1\. I'm good at what I do, and I constantly try to improve my skillset. I
think that comes across to people, so no one has ever expressed any concern
with my education whatsoever. In fact, anyone who I have spoken to about it
has explicitly stated they don't care (this goes for people at large
recognizable BigCos to small Series As).

2\. I network very well. I learned early on that having a mentor and knowing
how to be charismatic and connect with influential people is better than
spending time fixing up your rèsumè and then submitting it to a job ad. I've
also found these people don't care about the credentials.

3\. I still recommend most people go to school. People have this tendency to
see exceptions to the rule such as myself and think, "Hey, look, you don't
need school!"

No, you don't, but how else with you learn? You need a plan. You need a
passion. You need discipline. Those words are overused a lot, but to cultivate
a skill like programming outside the classroom really does require passion. I
sat down for hours a day when I was in high school, reverse engineering things
I came across, reimplementing things, tinkering, reading from the same
algorithms textbooks people use in top schools.

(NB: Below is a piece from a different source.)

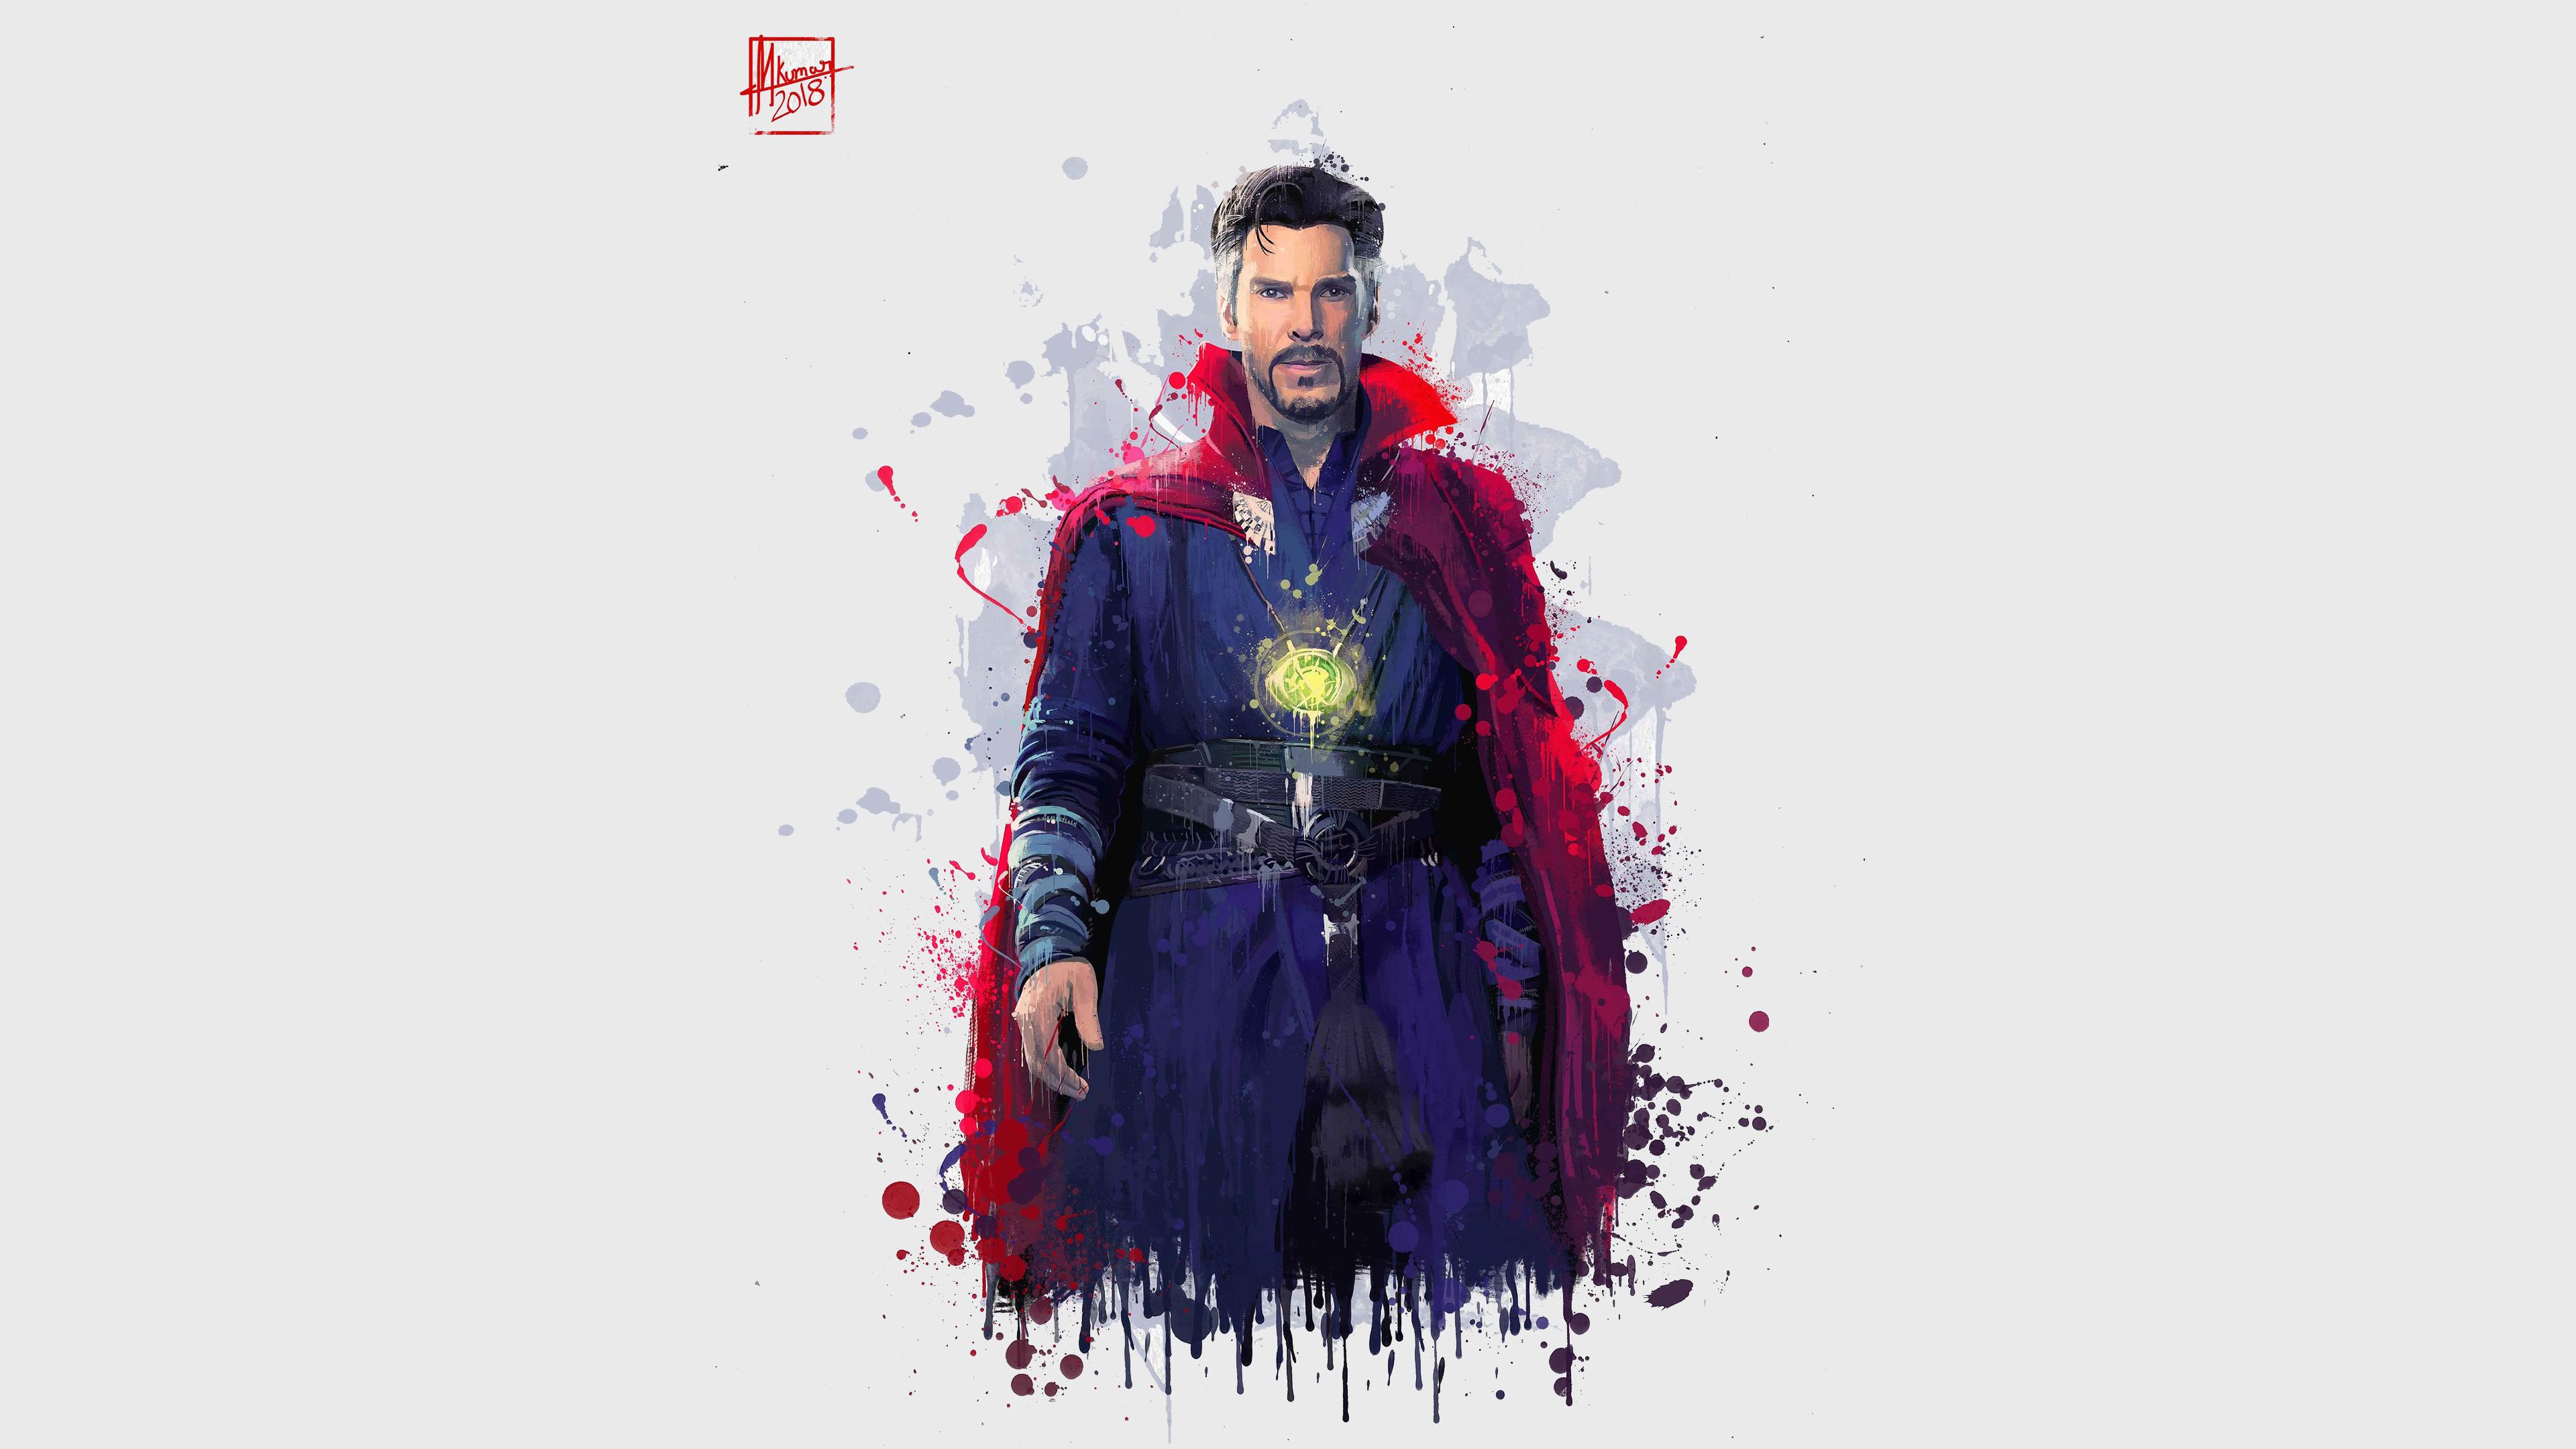 Download 3840x2400 Wallpaper Doctor Strange Avengers Infinity War Artwork 4k Ultra Hd 16 10 Widescreen 3840x2400 Hd Image Background 5382

To be honest, the only real difference is that I read my textbooks from home
and didn't pay as much for them. That's the sort of person you need to be.
Again, not bragging, just a real point - evaluate if you are this sort of
person with this sort of dedication before you drop the regimented structure
of school.

4\. I'm very open about my background and don't hide it. It's never been a
problem and I specifically don't hide it because I'm confident in my skillset.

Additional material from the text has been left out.